Helium II is characterised by a two-fluid nature where the two fluid components, the superfluid and the normal fluid, interact via a mutual friction force arising from the relative motion of superfluid vortices with respect to the normal component. The physical and numerical modelling of this friction force and its impact on the normal fluid motion is a long-standing open issue in low-temperature physics.

To make progress, in this webinar I will present a novel algorithm, named FOUCAULT (Fully cOUpled loCAl model of sUperfLuid Turbulence) [1], for the numerical simulation of quantum turbulence in helium II at nonzero temperatures. Peculiar to our method is the modelling of the mutual friction force via a classical, low-Reynolds number approach and its regularisation employing a theoretical framework developed in the context of active particles in classical turbulence [2]. In addition, our innovative numerical architecture allows the resolution of a wider range of flow length scales compared to the previous literature.

We employ this novel algorithm to study the shrinking of individual superfluid vortex rings in an initially quiescent normal fluid and the temporal evolution of toroidal vortex bundles. We analyse the normal fluid disturbances generated by the vortex motion and show that the coupling between the two components is responsible for the observed long lifetimes of the vortex bundles, consistently with experimental findings [3].

(Joint work with Giorgio Krstulovic, Carlo Barenghi and Andrew Baggaley)

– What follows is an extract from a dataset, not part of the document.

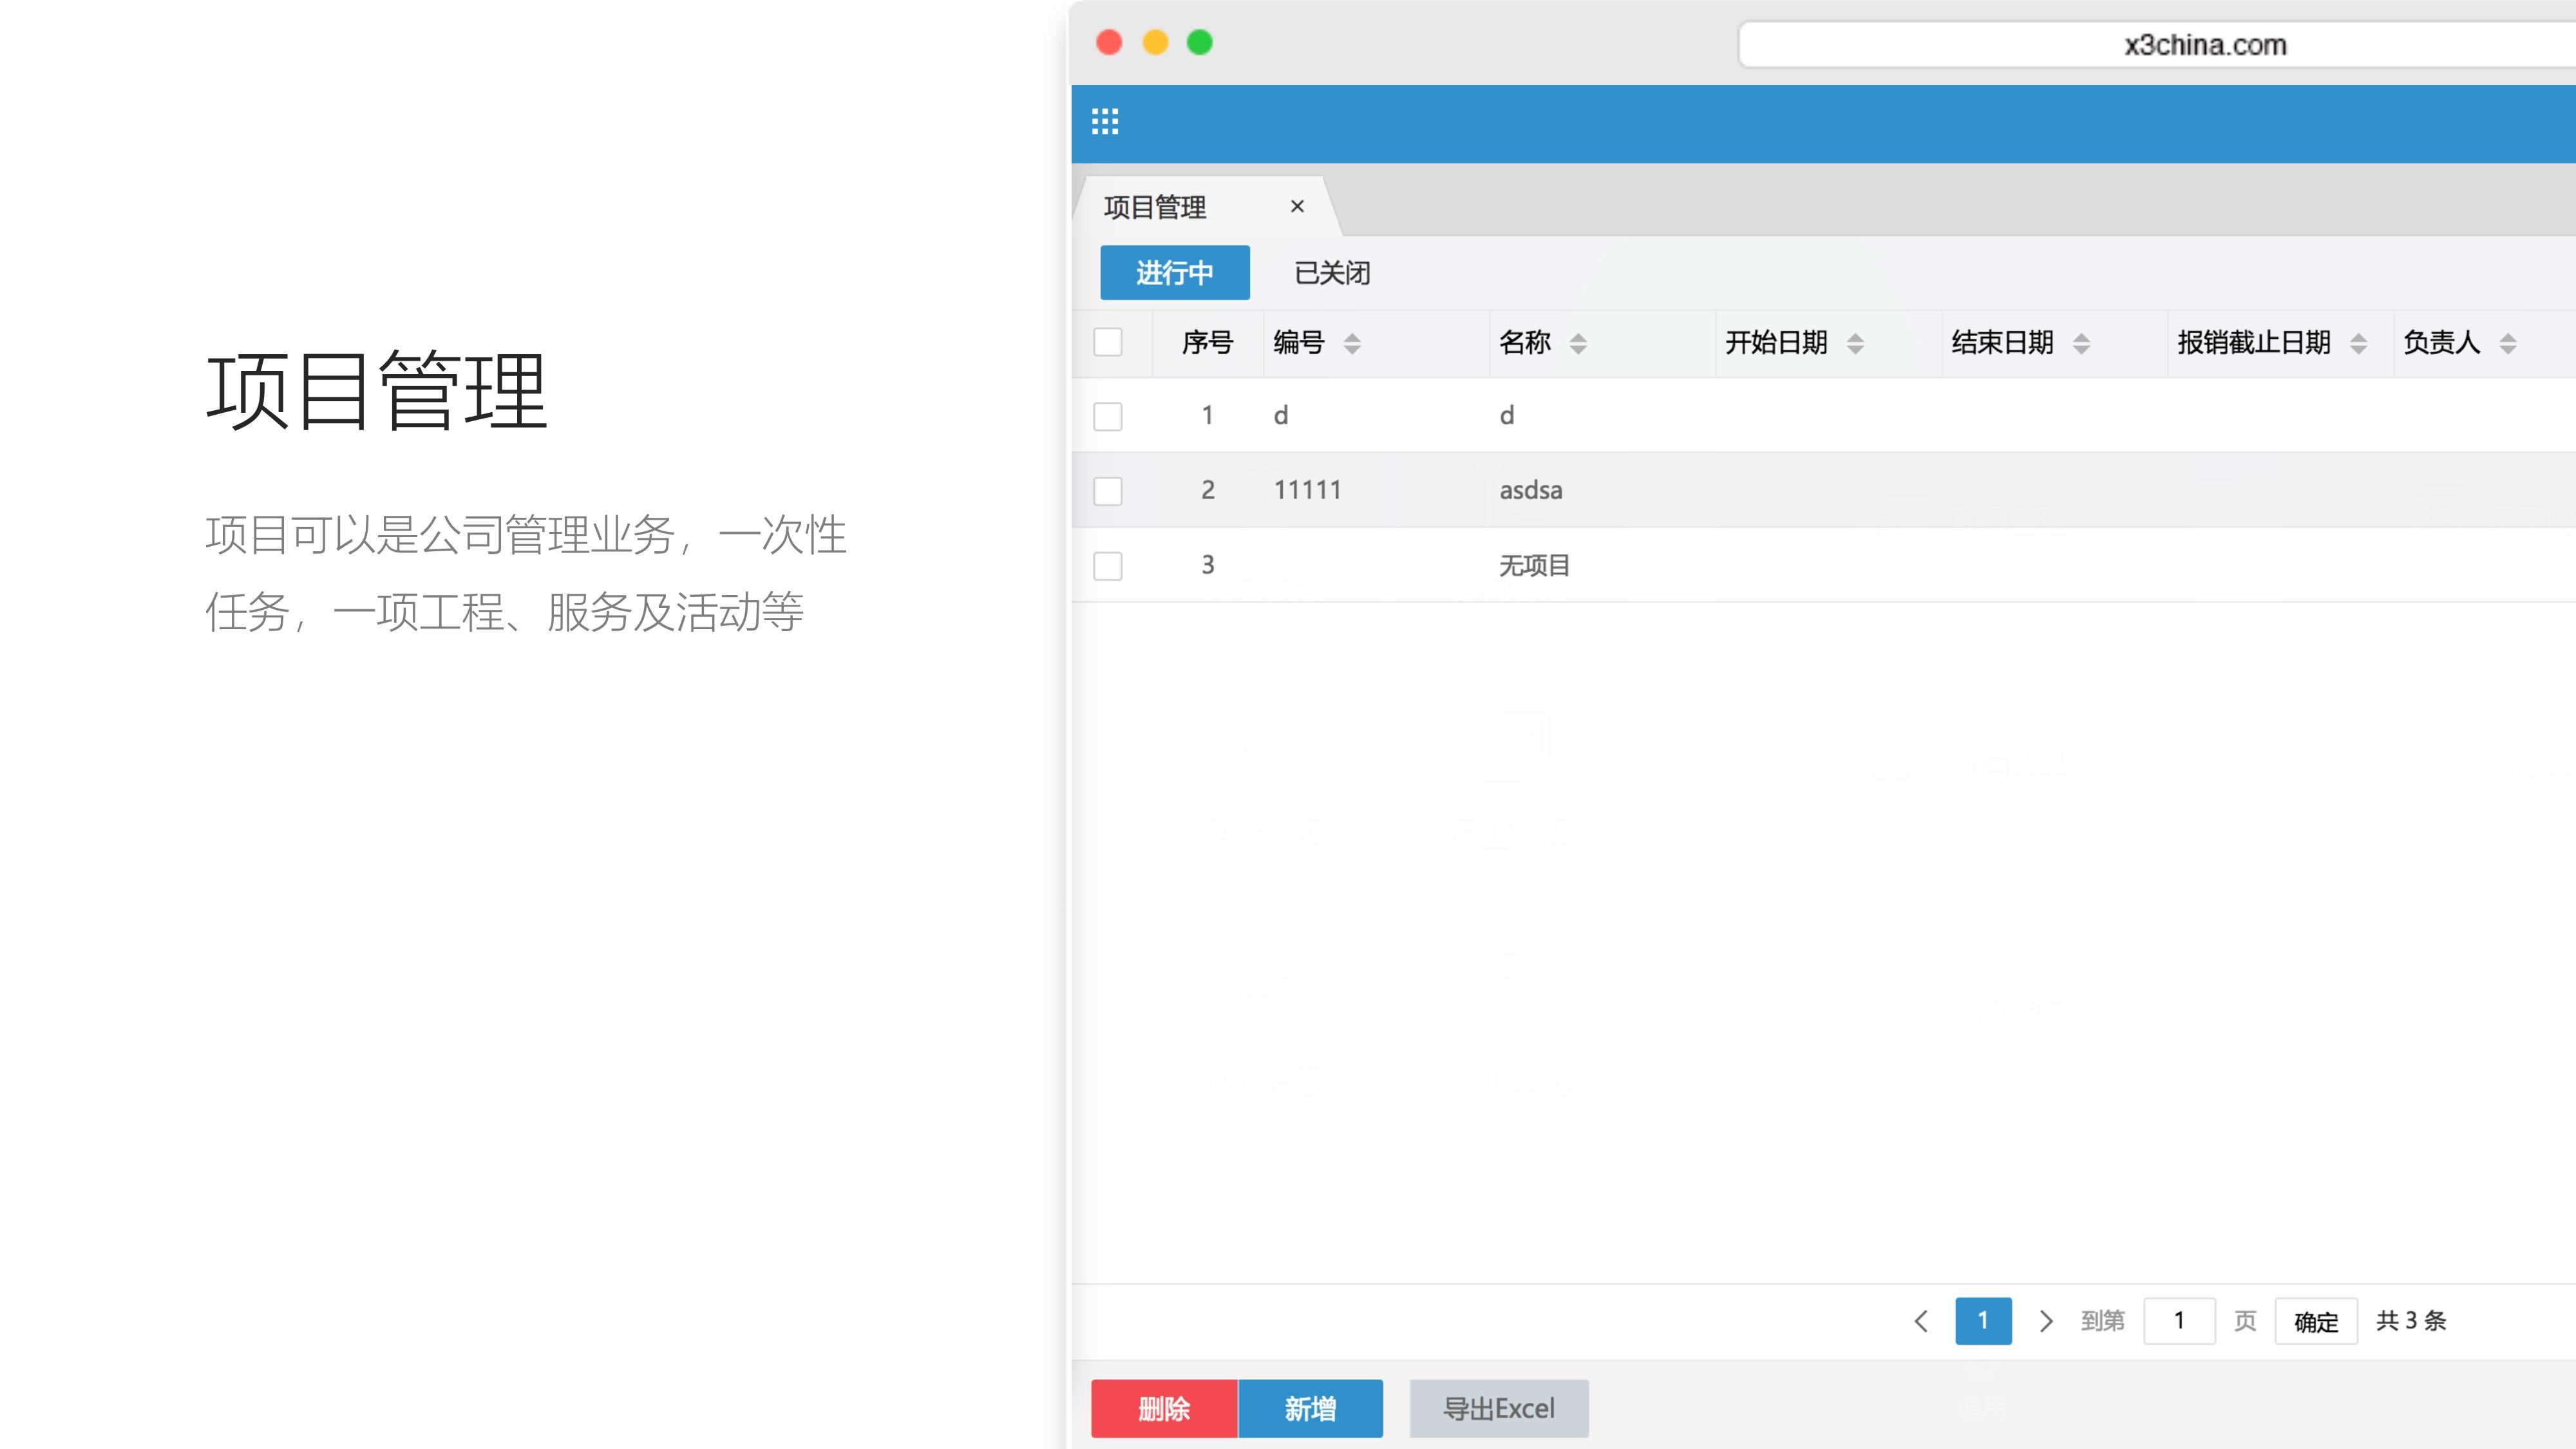 011809350146_0兴元财务管理报销软件_16.Jpeg

[1] L. Galantucci, A. Baggaley, C. Barenghi, G. Krstulovic. A new self-consistent approach of quantum turbulence in superfluid helium, Eur. Phys. J. Plus 135, 547 (2020) [2] P. Gualtieri, F. Picano, G. Sardina, C.M. Casciola. Exact regularized point particle method for multiphase flows in the two-way coupling regime, J. Fluid Mech. 773, 520 (2015) [3] H. Borner, T. Schmeling, and D. Schmidt. Experiments on the circulation and
propagation of large-scale vortex rings in He II, Phys. Fluids 26, (1983).